"...- Я склоняюсь к мысли, что неважно, скольких людей я убиваю, - этого все равно мало". "Колыбельная", Чак Паланик. |
«...Когда послушаешь Устрицу, стакан молока – это уже не просто стакан молока, чтобы запивать шоколадные печенюшки. Коров специально накачивают гормонами и держат их в состоянии перманентной беременности. Это неизбежные телята, которые живут всего несколько месяцев, втиснутые в тесные стойла. Свиная отбивная означает, что свинья бьется в агонии и истекает кровью, подвешенная за ногу к потолку, пока её заживо режут на отбивные, шейку и карбонат. Даже яйцо вкрутую – это несчастная курица, с искалеченными ногами, потому что она постоянно сидит в инкубаторе – в клетке четыре на четыре дюйма, такой узкой, что она даже не может расправить крылья. От такой жизни она сходит с ума, но ей заранее отрезали клюв, чтобы она не заклевала других наседок в соседних клетках. Её перья вытерлись о прутья, клюв у неё отрезан, она кладет яйцо за яйцом, пока её кости не начинают ломаться от недостатка кальция...».
Чак Паланик, подаривший миру «Бойцовский клуб», а меня до умопомрачения влюбивший в Бреда Питта, разродился новым мизантропическим манифестом. Записки бодрящей ненависти под названием «Колыбельная» опубликованы в США в сентябре 2002-го и до сих пор держатся в списке бестселлеров The New York Times. Славная, чудная, милая книжка, полная фразочек подобных той, что я вынесла в эпиграф. Рассказывается в книге о том, что... честно говоря, о чем там только не рассказывается, мой девичий мозг и за половиной не уследил. Но если выделить генеральную линию, то можно сказать так. Некий журналист Карл Стрейтер получает задание написать серию материалов о СВСМ – синдроме внезапной смерти младенцев. В процессе журналистского расследования Карл обнаруживает странную закономерность – всем несчастным младенцам родители перед сном читали книгу «Стихи и потешки со всего света», и после того детишки уже не просыпались.

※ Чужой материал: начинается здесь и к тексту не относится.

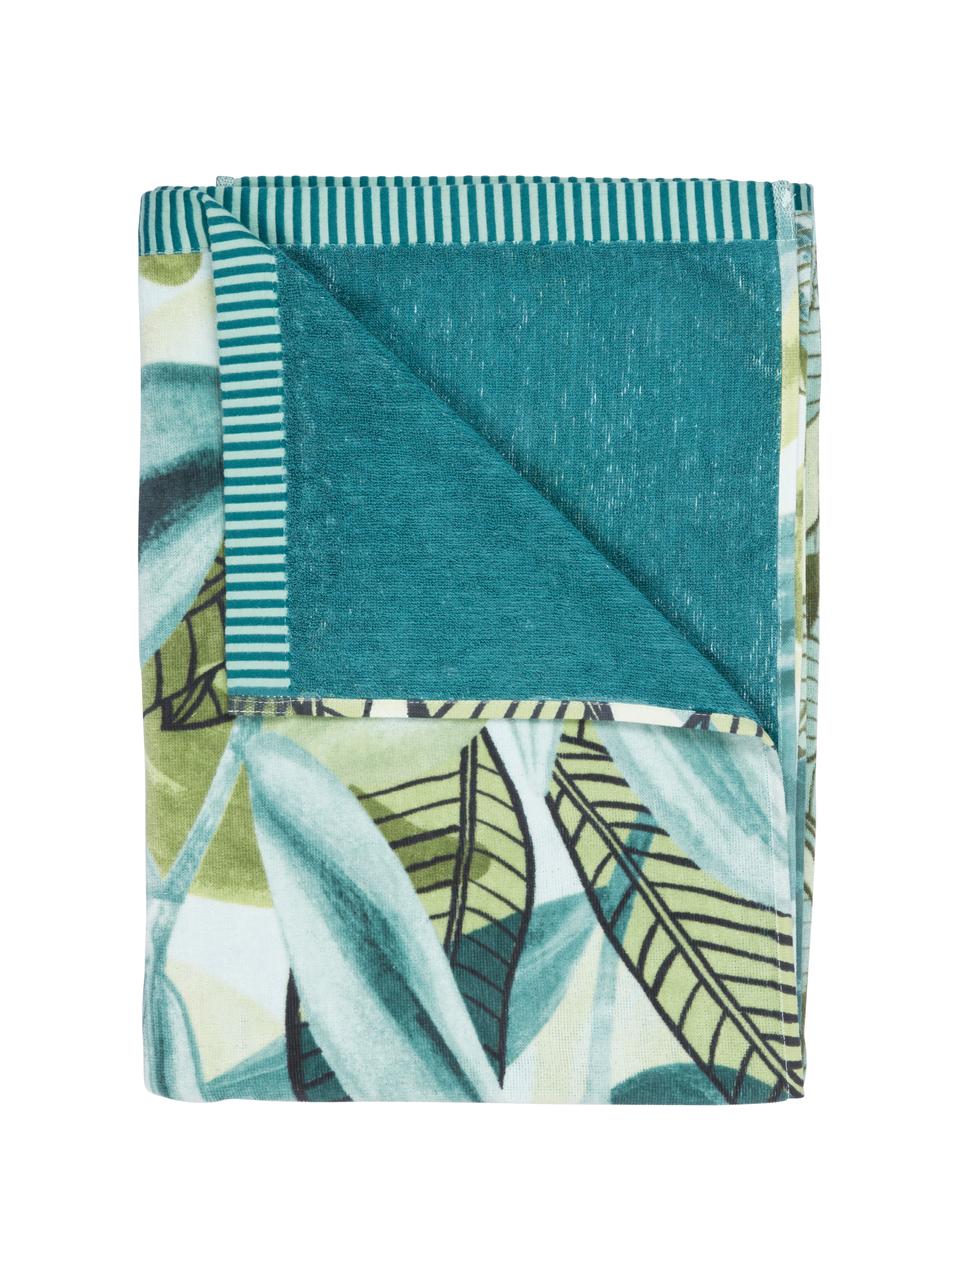 Plážová osuška z organické bavlny se vzorem listů Jungle Vibe, Modrá a odstíny zelené, Š 100 cm, D 180 cm

Журналист продолжает расследование, и выясняет, что африканская «баюльная песня» со страницы 27 из злополучной книжки имеет магическую силу. Страшную магическую силу – убивать, и пользоваться ею может любой, у кого есть эта книга. Она была издана в количестве пятисот экземпляров; больше половины уже уничтожено. Чтобы спасти мир от вымирания, журналисту и его странным попутчикам осталось найти и уничтожить оставшиеся экземпляры. Это такой очень-очень приблизительный пересказ.
Если вы не читали Паланика, а только видели «Бойцовский клуб», то и этого достаточно, чтобы узнать этот стиль: ходячая энциклопедия зрелых сурков со склонностью к афористическим высказываниям в сочетании с плохо скрываемой неприязнью – если не сказать ненавистью – к американскому обществу в частности, и человечеству вообще. К человечеству, которое разучилось думать, к людям, которые доверили свою жизнь телевидению, рекламе, газетам, интернету и теперь боятся тишины, боятся оглохнуть от пустоты в собственных головах.
В итоге получилась занимательная сказка для латентных радикалов, мечтающих стать радикалами воинствующими. Чтобы избавиться от кого-то, не надо ни оружия, ни времени, ни усилий, ни даже смелости. Просто выучи стишок и вспоминай по необходимости. Мысленный посыл «Чтоб ты сдох», работающий мгновенно и на любые расстояния. Начальник достал? – «Чтоб ты сдох!» Не нравится громкая музыка у соседа наверху? – «Что б ты сдох!» Раздражает актер в радиопостановке? – «Что б ты сдох!» (У Паланика определенно пунктик на вещах, связанных со смертью. Его можно понять, в семье писателя кое-что было на эту тему: когда-то дед Чака убил бабку и застрелился сам, потом, через годы, серийный убийца застрелил отца Паланика.)
В общем, идея у книжки веселая, слов нет, но сам текст производит впечатление кусочечности, повествованию не хватает целостности, связанности; подозреваю, что раздерганная на цитаты и афоризмы «Колыбельная» впечатляет больше. А вот сценарий из этого выйдет отличный, точнее, уже вышел. По-моему, здесь даже и переделывать ничего не надо - бери и снимай. Будет ещё одно культовое кино. (Только Бреда Питта не забудьте! – хотя на роль Карла Стрейтера, честно говоря, больше подходит Нортон.)